Cart Pole Control
Example name | Cartpole ** |
Action space | Dict |
State space | Dict |
** stand for discrete, continuous.
This environment corresponds to the version of the cart-pole problem described by Barto, Sutton, and Anderson in “Neuronlike Adaptive Elements That Can Solve Difficult Learning Control Problem”. A pole is attached by an un-actuated joint to a cart, which moves along a frictionless track.

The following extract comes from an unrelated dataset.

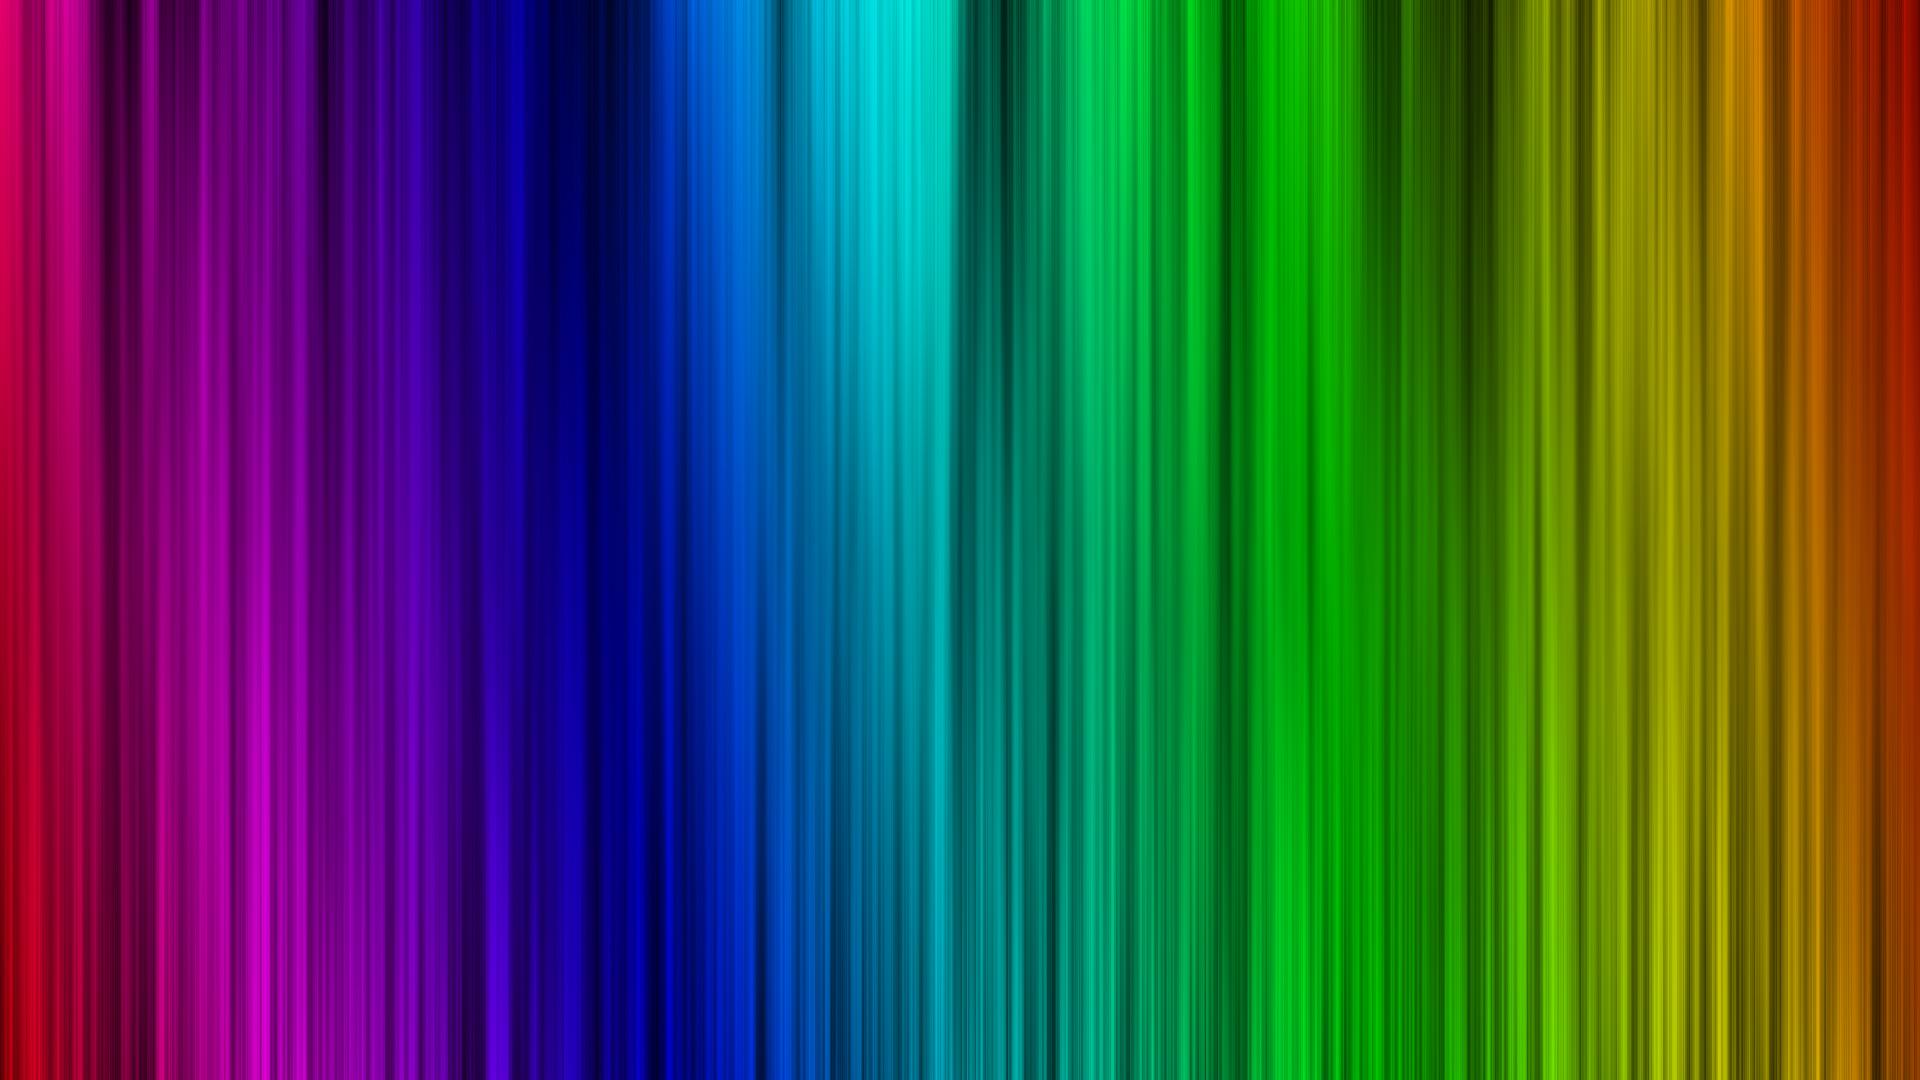 quelles sont les couleurs de l 39 arc en ciel les questions m t o. Black Bedroom Furniture Sets. Home Design Ideas

The pendulum is placed upright on the cart and the goal is to balance the pole by applying forces in the left and right direction on the cart.
Constant | Type | Desc |
---|---|---|
GRAVITY | float32 | Force of gravity acting down |
FORCE_MAG | float32 | Force applied to the side of the cart (discrete version) |
FORCE_MAX | float32 | Maximum force applied to the side of the cart (continuous version) |
CART_MASS | float32 | Mass of the cart |
POLE_MASS | float32 | Mass of the pole |
POLE_LEN | float32 | Half of the pole length |
TIME_STEP | float32 | Seconds between state updates |
POS_LIMIT | float32 | Limit of cart position |
ANG_LIMIT | float32 | Limit of pole angle |
All of these can be read from the RDDLEnv interface and from the RDDL files.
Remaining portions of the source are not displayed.